- Born: Jeddah, Saudi Arabia
- Occupations: Comedian; rapper; model;

= Amy Roko =

Amy Roko (إيمي روكو; born 1992/1993) is a Saudi comedian, rapper, and model.

== Early life and education ==
Roko was born in Jeddah, but was raised in Riyadh. She is the eldest of five siblings and has credited her sense of humor to her parents. She earned a degree in medical sciences.

== Career ==

=== Online presence ===
Roko first gained traction online in 2014, when she began posting videos on Vine, and later on Instagram. She later moved to TikTok. In 2016 she began making money through her accounts via brand deals, and by 2018, she was making enough money through social media that she quit her hospital job. By May 2019 she had accumulated 1.3 million Instagram followers.

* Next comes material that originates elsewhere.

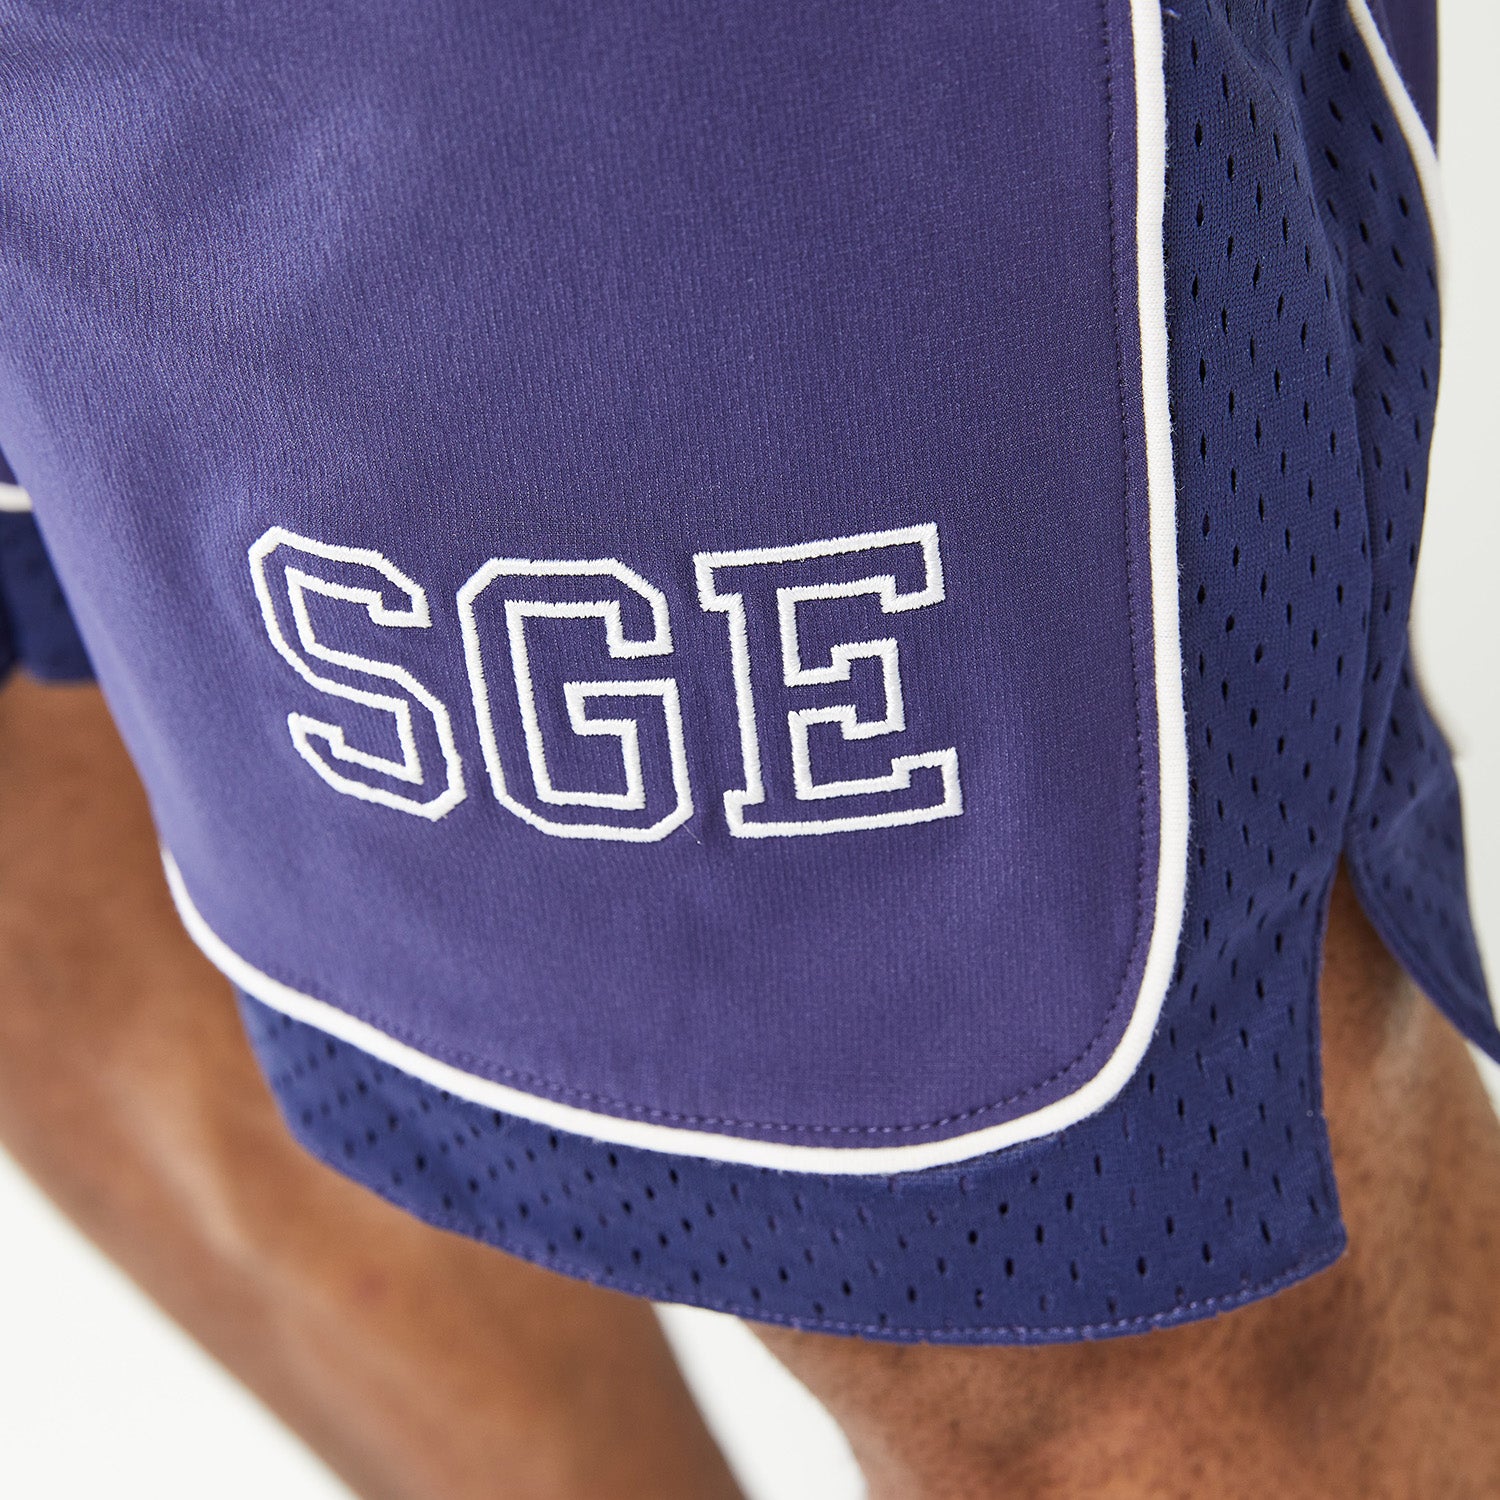 squatwolf-gym-wear-golden-era-basketball-shorts-blue-workout-shorts-for-men

Roko has been a brand ambassador for New Balance and, from 2025, Maheerah.

=== Television ===
In 2022, Roko was involved in the Warner Bros reality show Dare to Take Risks. Roko was briefly involved with season two of Netflix's Dubai Bling.

=== Music career ===
Roko being rapping in 2020, and posted some of her music on her YouTube channel. She was featured in Benefit Cosmetics' debut music video, "GirlGang!".

Roko released her first single, "Seebee", in 2022. She is the Creative Director of Insomnia Records.

== Awards ==

- BBC 100 Women, 2016
- Middle Eastern Social Media Star (nominee), People's Choice Awards 2022

== Personal life ==
Roko has worn hijab since age 11, and been a niqabi since her early 20s. She has not revealed her legal name online.

Roko has been critical of the Saudi government's restrictions on women, including the ban on women drivers, which was lifted in 2018.